Education

Ph.D. Cornell University

Research interests

Zebrafish as a Model for Infectious Disease: Throughout history infectious diseases have played a major role in the human condition worldwide. Pathogens also have tremendous environmental and economic impact in agriculture and aquaculture. To counter these agents, vaccines, antibiotics, and new intervention strategies are continually being developed. Although these methods have largely proven to be effective as we have sought to keep pace with microbial adaptation and environment-triggered emergence of new diseases, investigation into alternative methods for controlling infectious disease is clearly warranted.

Through our disease studies with zebrafish, we hope to better understand the myriad immune factors that augment, extend, and prolong the immune response to infection. In order to develop more effective vaccines and to understand host response to pathogens, an infectious disease model is essential. In our studies, zebrafish are exposed to bacterial and viral pathogens that are known to cause disease in other fish species that live in similar environments (e.g. temperature, freshwater vs. marine).
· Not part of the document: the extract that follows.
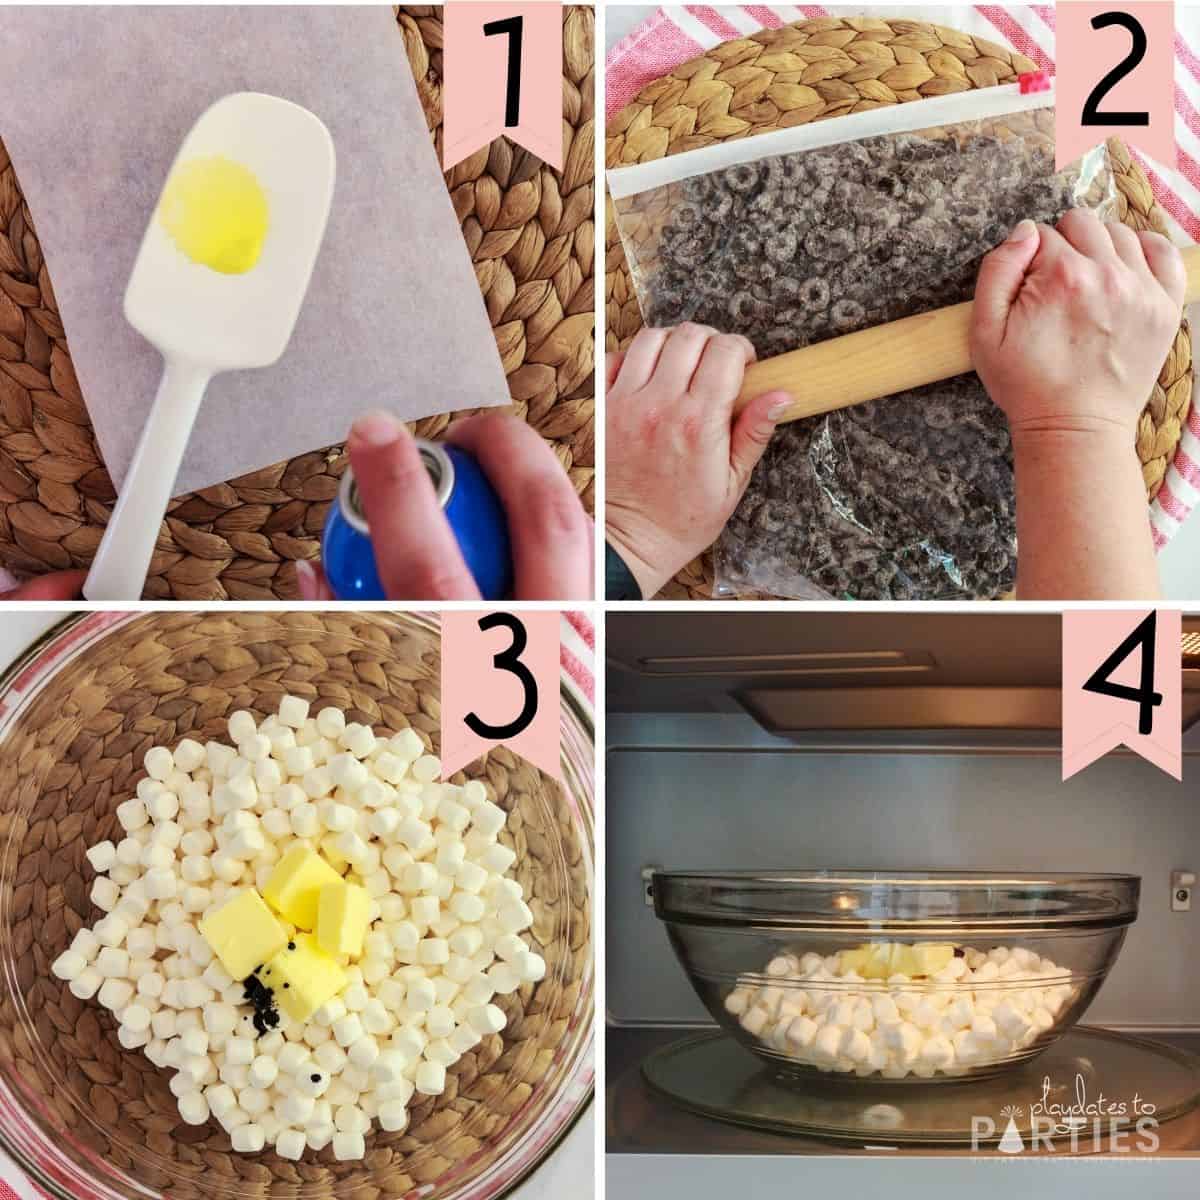 steps 1-4 preparing a spatula, crushing the Oreo cereal, combining and microwaving the marshmallows
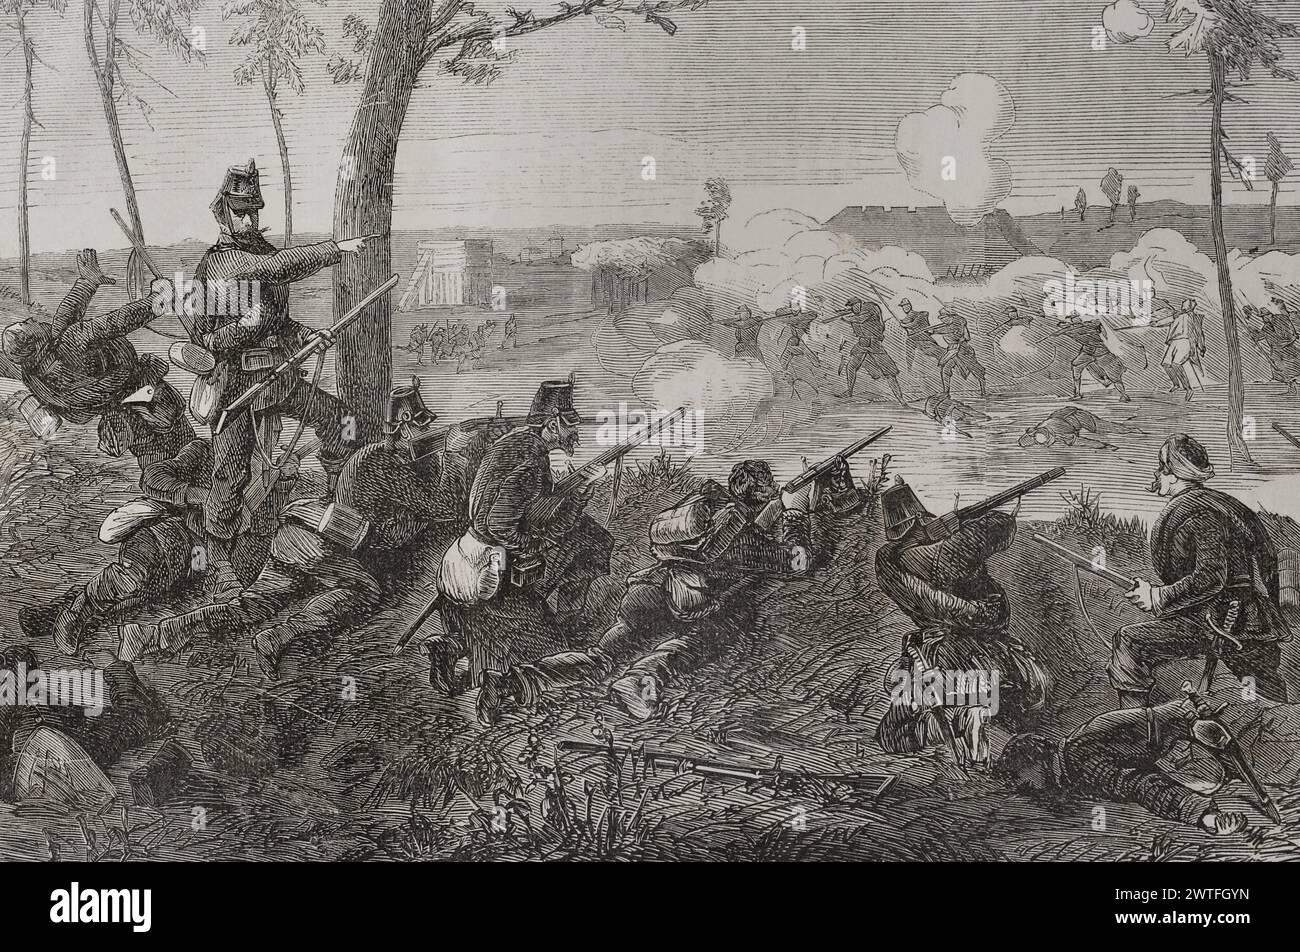 Franco-Prussian War (1870-1871). Siege of Paris (19 September 1870 to 28 January 1871). Skirmishes between the Prussian outposts encircling Paris and the besieged. Engraving by Capuz. 'Historia de la Guerra de Francia y Prusia' (History of the War between France and Prussia). Volume II. Published in Barcelona, 1871. Author: Tomás Carlos Capuz (1834-1899). Spanish engraver. Stock Photo

Once we have identified the bacteria or viruses that cause disease in the zebrafish, we can study host responses to infection and devise methods to boost host immune response.

Characterization of Zebrafish Toll Signal Transduction Pathway: Recent recognition of the intrinsic importance of the innate immune response, in addition to its regulatory role in subsequent adaptive immunity, suggests that this system plays a crucial role in protection against agents of infectious disease. Our goal is to better understand the innate immune response through the Toll signal transduction pathway. Evidence suggests the existence of Toll receptors, described as "pattern recognition receptors," with the ability to detect a variety of indicators of infectious organisms, and which feed into a common activation pathway. As shown in the diagram, activation of either the invertebrate or vertebrate signaling pathways results in a cascade of events that leads to the subsequent translocation of a transcription factor (Dorsal or NF-kb, respectively) into the nucleus and regulates synthesis of either antimicrobial/antifungal peptides or cytokines. Through molecular dissection of this pathway in the zebrafish, a vertebrate with a less complex immune system than that of mammals, we seek to identify factors that influence regulation of the innate immune response as well as its role in regulating the adaptive immune response. Ultimately, we hope to learn enough about the Toll signaling pathway to begin to develop methods for intervention that can be applied to mammals and other fish species.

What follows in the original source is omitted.